Pacifica la materialità dei fatti, la Corte territoriale ribadiva la natura di arma da guerra della pistola in questione, da valutarsi sulla base dei parametri normativi nazionali che valorizzano la spiccata potenzialità offensiva dell'arma, confermata dalla sua dotazione alle forze di polizia che ne attesta l'idoneità all'uso bellico (secondo una circostanza riscontrata dalla presenza della lettera Z nell'ultima cifra della matricola, rivelatrice della destinazione della pistola alla polizia penitenziaria).
Ricorre per cassazione Raso Roberto, a mezzo dei difensori, deducendo due motivi di censura.
Col primo motivo, il ricorrente lamenta violazione di legge in relazione agli artt. 161, 171, 177 cod.proc.pen., censurando l'omessa notificazione all'imputato dell'avviso dell'udienza fissata per il giudizio d'appello, che non era stata eseguita presso il domicilio eletto (in Mazzano Romano) al momento della scarcerazione.

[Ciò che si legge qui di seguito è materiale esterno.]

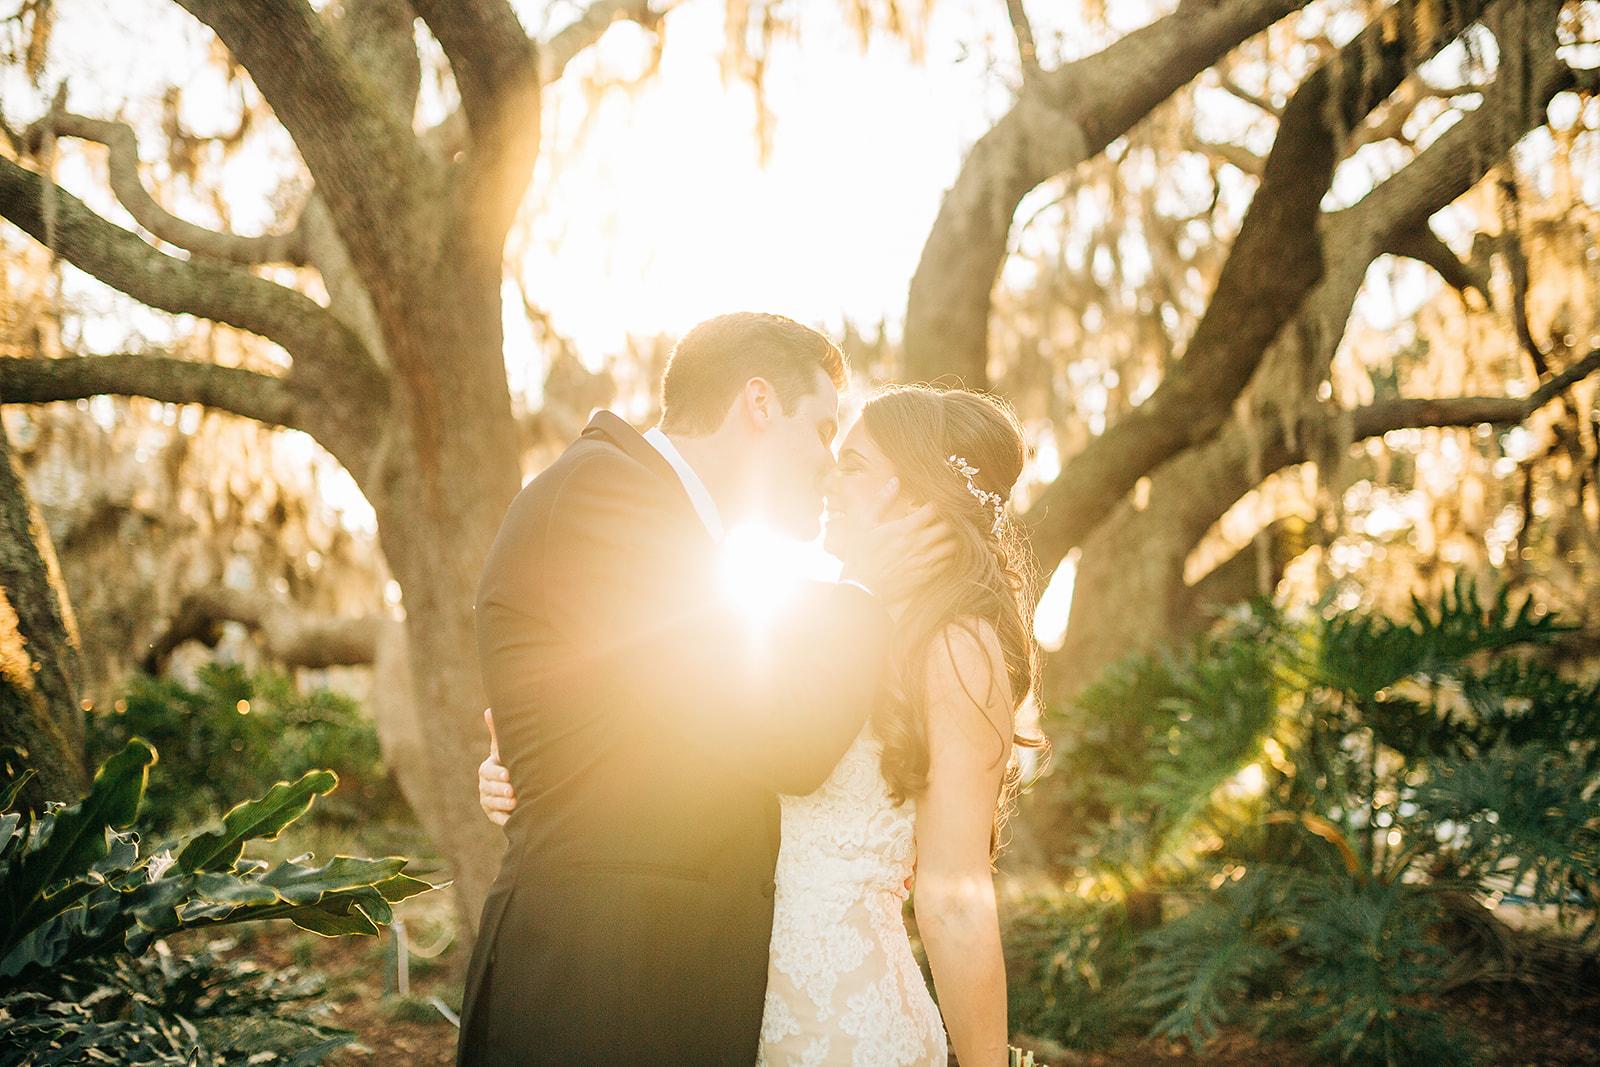 orlando wedding venue - dubsdread catering - couple sunlight
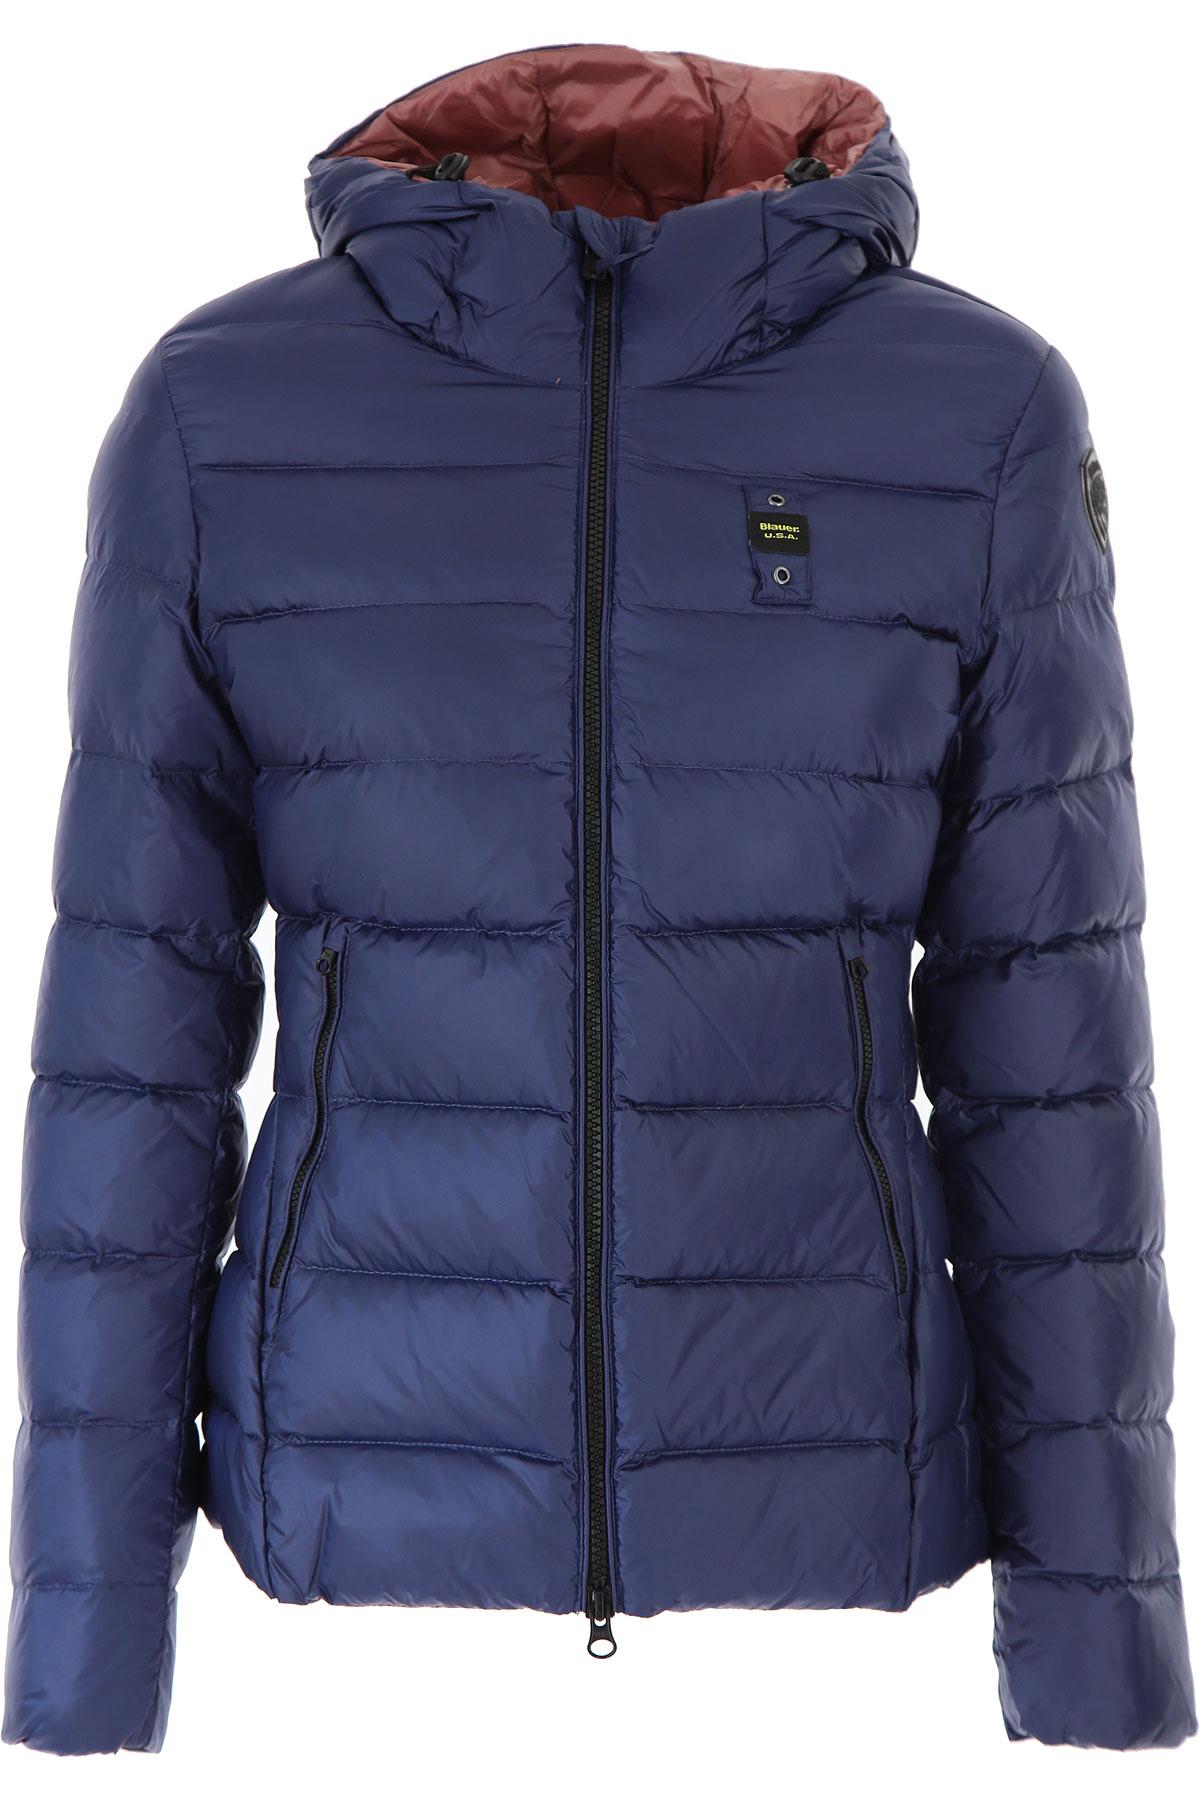 Blauer Down Jacket for Women, Puffer Ski Jacket On Sale, Night Blue, polyester, 2019, 10 2 6

Col secondo motivo, il ricorrente deduce violazione di legge in relazione agli artt. 1 e 2 della legge n. 110 del 1975, con riguardo all'errata qualificazione della pistola semiautomatica calibro 9 x 19 - la cui potenzialità offensiva era stata affermata dalla Corte territoriale sulla base di criteri astratti tratti dalla relazione del RIS e non già accertata in concreto - come arma da guerra anziché come arma comune da sparo; rileva che con D.M. 21 maggio 1990 l'arma in questione era stata inserita nel catalogo nazionale delle armi comuni da sparo.Il primo motivo di ricorso, che deduce una nullità riguardante la citazione in giudizio deil'imputato che si sarebbe prodotta nel giudizio d'appello (e perciò deducibile mediante ricorso per cassazione), è infondato e deve essere rigettato. Dall'esame del fascicolo processuale, al quale questa Corte è legittimata ad accedere allorché (come nel caso di specie) la violazione di legge dedotta nel ricorso si risolva in un error in procedendo ai sensi dell'alt. 606 comma 1 lett. c) del codice di rito (essendo in tal caso la Corte di cassazione giudice del fatto processuale: Sez. Un. n. 42792 del 31/10/2001, Rv. 220092; Sez. 1 n. 8521 del 9/01/2013, Rv. 255304), risulta che la notificazione del decreto di citazione per il giudizio d'appello è stata inizialmente tentata, il 5.01.2012, presso il domicilio dichiarato dall'imputato in Mazzano Romano, dove la stessa non è andata a buon fine in quanto il Raso risultava "trasferito", come attestato nella relativa relata; la notificazione dell'atto introduttivo del giudizio, divenuta impossibile nel domicilio dichiarato dalla parte (per fatto ascrivibile alla stessa), è stata pertanto ritualmente eseguita (per la nuova udienza alla quale il processo era stato rinviato) nelle forme dell'alt. 161 comma 4 cod.proc.pen., mediante consegna di copia al difensore, così da escludere qualsiasi paventata nullità della citazione e degli atti successivi del processo di secondo grado.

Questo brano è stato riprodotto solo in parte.